======== Exercise input ========
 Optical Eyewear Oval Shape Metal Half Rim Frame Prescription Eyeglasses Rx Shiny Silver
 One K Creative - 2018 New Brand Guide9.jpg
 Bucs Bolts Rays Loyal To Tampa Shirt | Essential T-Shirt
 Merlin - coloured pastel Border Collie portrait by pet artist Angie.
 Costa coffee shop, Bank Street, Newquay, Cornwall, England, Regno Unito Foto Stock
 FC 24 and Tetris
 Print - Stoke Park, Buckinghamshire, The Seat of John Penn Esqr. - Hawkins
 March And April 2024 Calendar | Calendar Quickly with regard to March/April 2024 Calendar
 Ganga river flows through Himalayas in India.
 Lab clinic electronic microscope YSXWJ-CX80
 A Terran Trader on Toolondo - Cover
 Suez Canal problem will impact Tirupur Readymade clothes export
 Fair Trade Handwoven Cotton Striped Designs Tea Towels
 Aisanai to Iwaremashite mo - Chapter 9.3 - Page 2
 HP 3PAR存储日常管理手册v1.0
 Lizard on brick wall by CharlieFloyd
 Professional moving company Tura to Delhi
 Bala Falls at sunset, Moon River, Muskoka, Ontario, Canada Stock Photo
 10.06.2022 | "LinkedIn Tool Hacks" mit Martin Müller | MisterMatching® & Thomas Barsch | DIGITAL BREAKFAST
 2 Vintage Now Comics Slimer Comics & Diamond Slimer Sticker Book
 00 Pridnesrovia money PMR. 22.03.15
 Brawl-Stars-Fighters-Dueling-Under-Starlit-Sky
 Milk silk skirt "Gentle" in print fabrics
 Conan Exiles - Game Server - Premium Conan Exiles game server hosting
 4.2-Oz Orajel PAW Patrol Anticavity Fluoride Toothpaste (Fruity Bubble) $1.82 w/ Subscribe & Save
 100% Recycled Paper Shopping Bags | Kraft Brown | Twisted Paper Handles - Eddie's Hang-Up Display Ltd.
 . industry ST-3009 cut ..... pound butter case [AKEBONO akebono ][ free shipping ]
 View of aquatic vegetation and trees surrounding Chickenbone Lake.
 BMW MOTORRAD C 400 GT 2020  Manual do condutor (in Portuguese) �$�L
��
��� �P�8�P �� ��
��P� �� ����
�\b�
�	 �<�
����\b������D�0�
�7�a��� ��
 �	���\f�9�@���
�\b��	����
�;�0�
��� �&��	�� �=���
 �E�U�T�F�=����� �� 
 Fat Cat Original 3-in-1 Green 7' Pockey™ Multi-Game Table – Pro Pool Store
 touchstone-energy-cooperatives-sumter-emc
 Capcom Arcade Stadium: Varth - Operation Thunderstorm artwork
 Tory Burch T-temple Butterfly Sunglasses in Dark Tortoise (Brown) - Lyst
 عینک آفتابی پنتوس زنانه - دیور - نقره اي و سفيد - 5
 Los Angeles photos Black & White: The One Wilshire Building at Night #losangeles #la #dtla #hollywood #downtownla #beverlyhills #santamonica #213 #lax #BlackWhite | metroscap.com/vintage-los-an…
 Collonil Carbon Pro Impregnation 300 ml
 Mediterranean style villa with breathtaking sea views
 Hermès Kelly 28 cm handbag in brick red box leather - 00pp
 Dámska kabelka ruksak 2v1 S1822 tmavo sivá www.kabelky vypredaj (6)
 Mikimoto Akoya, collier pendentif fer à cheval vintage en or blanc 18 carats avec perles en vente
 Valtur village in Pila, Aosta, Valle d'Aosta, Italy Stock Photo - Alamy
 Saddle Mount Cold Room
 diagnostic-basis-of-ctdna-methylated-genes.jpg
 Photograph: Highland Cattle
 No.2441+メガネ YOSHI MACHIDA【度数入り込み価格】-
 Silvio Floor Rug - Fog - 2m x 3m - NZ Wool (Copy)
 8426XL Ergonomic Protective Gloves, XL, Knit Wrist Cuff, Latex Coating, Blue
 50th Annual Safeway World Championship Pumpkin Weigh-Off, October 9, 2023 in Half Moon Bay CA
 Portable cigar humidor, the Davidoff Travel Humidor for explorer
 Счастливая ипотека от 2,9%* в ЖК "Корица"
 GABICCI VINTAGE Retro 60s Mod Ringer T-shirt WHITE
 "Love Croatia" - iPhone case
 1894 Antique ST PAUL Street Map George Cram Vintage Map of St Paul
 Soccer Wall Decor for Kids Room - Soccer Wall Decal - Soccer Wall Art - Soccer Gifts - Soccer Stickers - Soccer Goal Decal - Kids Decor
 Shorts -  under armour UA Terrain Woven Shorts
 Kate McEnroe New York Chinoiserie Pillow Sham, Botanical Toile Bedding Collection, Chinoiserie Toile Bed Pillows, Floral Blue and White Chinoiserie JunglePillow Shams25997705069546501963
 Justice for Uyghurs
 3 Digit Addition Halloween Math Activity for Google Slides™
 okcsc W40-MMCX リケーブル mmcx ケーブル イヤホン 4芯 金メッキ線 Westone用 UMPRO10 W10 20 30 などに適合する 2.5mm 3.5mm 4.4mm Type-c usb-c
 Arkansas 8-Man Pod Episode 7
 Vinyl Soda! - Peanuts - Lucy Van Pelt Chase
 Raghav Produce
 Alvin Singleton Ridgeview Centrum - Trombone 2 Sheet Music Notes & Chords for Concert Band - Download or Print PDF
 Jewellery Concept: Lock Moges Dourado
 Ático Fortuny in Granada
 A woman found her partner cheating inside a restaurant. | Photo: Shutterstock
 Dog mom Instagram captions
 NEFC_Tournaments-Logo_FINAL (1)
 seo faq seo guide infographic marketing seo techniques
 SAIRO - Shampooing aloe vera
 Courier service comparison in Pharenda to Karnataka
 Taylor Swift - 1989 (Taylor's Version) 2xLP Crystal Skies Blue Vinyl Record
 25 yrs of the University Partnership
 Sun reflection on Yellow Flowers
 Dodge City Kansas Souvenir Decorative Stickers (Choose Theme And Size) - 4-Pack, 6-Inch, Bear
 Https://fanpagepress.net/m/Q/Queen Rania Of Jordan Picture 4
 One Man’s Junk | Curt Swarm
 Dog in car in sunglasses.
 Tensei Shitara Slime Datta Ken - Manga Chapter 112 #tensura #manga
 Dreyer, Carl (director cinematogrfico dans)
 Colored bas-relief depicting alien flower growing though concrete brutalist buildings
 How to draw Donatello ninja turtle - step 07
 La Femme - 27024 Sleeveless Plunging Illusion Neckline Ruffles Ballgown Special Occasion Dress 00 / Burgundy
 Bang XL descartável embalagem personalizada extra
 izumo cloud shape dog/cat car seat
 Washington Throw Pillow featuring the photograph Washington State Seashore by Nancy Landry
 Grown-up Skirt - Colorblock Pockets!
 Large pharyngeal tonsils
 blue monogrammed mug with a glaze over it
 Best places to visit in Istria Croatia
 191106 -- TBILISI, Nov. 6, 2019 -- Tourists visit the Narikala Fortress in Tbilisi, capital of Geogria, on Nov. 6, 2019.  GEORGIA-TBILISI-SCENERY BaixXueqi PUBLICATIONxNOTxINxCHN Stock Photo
========
• **The problem**:
What lines in the records above include the string "Stickers"? Copy each one.

• **Expected answer**:
 Soccer Wall Decor for Kids Room - Soccer Wall Decal - Soccer Wall Art - Soccer Gifts - Soccer Stickers - Soccer Goal Decal - Kids Decor
 Dodge City Kansas Souvenir Decorative Stickers (Choose Theme And Size) - 4-Pack, 6-Inch, Bear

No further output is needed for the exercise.